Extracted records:
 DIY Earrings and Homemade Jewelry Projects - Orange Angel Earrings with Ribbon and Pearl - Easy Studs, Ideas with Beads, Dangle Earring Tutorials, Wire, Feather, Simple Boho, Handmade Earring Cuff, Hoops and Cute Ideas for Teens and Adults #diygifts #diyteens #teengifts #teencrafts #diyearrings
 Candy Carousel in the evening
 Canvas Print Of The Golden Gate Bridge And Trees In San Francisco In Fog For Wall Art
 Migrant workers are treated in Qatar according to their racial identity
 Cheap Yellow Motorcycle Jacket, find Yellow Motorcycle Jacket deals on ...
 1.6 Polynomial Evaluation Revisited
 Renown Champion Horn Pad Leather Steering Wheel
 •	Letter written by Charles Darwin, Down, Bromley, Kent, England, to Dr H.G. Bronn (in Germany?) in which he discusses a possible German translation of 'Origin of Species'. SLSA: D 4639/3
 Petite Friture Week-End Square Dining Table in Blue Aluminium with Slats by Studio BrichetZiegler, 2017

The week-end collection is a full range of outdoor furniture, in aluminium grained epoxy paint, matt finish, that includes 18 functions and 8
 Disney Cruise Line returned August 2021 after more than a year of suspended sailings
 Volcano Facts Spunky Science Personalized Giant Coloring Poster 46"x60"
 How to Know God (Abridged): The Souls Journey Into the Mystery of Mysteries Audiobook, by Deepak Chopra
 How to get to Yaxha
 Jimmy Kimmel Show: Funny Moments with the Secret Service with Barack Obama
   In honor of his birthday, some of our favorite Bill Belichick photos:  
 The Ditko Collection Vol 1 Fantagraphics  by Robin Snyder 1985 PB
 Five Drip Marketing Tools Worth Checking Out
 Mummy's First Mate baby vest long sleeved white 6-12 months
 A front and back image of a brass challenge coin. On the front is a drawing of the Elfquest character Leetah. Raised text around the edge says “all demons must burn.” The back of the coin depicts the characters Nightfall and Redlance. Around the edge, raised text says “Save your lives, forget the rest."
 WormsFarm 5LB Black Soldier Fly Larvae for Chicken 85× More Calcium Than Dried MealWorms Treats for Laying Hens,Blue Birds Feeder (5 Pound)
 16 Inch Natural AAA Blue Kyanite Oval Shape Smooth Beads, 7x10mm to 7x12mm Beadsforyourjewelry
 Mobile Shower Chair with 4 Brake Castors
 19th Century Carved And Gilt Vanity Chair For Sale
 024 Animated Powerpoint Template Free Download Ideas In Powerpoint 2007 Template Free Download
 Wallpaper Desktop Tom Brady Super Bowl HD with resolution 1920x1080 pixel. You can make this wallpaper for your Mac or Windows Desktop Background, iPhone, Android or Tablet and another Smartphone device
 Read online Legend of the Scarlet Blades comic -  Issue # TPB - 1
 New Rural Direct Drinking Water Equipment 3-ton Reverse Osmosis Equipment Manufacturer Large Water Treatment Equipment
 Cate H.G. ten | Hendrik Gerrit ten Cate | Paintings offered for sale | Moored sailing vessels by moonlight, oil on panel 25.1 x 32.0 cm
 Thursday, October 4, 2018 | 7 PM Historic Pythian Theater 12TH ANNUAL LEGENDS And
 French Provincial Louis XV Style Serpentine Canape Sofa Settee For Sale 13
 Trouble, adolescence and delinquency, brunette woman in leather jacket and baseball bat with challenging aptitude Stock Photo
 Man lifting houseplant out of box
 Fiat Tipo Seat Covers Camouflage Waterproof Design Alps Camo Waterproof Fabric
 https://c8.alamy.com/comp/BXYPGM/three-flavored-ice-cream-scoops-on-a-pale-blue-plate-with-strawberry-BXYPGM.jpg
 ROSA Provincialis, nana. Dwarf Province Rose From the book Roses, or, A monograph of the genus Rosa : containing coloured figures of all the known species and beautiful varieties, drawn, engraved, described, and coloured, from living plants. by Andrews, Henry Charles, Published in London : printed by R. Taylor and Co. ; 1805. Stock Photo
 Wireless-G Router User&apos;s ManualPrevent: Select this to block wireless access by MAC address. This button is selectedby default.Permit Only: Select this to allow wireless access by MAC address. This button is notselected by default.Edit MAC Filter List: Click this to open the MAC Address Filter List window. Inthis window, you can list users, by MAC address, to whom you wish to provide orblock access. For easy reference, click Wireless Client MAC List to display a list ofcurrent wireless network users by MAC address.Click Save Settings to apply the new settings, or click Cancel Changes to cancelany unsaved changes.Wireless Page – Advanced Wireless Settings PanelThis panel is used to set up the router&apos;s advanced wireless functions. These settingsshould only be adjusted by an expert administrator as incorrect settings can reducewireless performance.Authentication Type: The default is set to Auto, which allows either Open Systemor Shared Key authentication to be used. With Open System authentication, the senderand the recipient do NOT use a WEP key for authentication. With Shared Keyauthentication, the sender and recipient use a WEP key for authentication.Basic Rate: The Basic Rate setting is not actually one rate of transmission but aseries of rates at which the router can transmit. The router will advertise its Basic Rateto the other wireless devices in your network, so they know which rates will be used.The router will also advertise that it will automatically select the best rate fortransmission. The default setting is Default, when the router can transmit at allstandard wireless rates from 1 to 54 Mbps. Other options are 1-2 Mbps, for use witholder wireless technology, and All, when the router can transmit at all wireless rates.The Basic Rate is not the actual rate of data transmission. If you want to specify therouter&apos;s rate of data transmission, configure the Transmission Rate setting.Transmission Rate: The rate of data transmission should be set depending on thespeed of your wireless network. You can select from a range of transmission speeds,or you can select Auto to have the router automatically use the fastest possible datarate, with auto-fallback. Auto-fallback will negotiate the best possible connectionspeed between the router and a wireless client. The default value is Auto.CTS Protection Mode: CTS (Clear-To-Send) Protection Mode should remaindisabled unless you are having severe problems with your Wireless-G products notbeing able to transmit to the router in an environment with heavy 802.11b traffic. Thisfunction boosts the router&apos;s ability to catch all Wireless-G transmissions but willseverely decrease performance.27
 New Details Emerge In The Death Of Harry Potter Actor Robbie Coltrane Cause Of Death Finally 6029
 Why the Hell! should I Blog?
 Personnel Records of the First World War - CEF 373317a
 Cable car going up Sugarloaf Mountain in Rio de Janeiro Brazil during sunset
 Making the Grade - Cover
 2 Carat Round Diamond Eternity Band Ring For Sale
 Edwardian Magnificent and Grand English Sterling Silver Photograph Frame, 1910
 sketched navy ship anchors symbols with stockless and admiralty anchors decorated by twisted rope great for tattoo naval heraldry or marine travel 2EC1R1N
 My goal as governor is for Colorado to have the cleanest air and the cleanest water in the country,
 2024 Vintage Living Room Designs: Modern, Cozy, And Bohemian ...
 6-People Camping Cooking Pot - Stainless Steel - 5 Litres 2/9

**What is required**
Starting at the first line of the data above, retype each line exactly until you reach the line containing "How to get to Yaxha", and include that line too.

**Response for this exercise**
 DIY Earrings and Homemade Jewelry Projects - Orange Angel Earrings with Ribbon and Pearl - Easy Studs, Ideas with Beads, Dangle Earring Tutorials, Wire, Feather, Simple Boho, Handmade Earring Cuff, Hoops and Cute Ideas for Teens and Adults #diygifts #diyteens #teengifts #teencrafts #diyearrings
 Candy Carousel in the evening
 Canvas Print Of The Golden Gate Bridge And Trees In San Francisco In Fog For Wall Art
 Migrant workers are treated in Qatar according to their racial identity
 Cheap Yellow Motorcycle Jacket, find Yellow Motorcycle Jacket deals on ...
 1.6 Polynomial Evaluation Revisited
 Renown Champion Horn Pad Leather Steering Wheel
 •	Letter written by Charles Darwin, Down, Bromley, Kent, England, to Dr H.G. Bronn (in Germany?) in which he discusses a possible German translation of 'Origin of Species'. SLSA: D 4639/3
 Petite Friture Week-End Square Dining Table in Blue Aluminium with Slats by Studio BrichetZiegler, 2017

The week-end collection is a full range of outdoor furniture, in aluminium grained epoxy paint, matt finish, that includes 18 functions and 8
 Disney Cruise Line returned August 2021 after more than a year of suspended sailings
 Volcano Facts Spunky Science Personalized Giant Coloring Poster 46"x60"
 How to Know God (Abridged): The Souls Journey Into the Mystery of Mysteries Audiobook, by Deepak Chopra
 How to get to Yaxha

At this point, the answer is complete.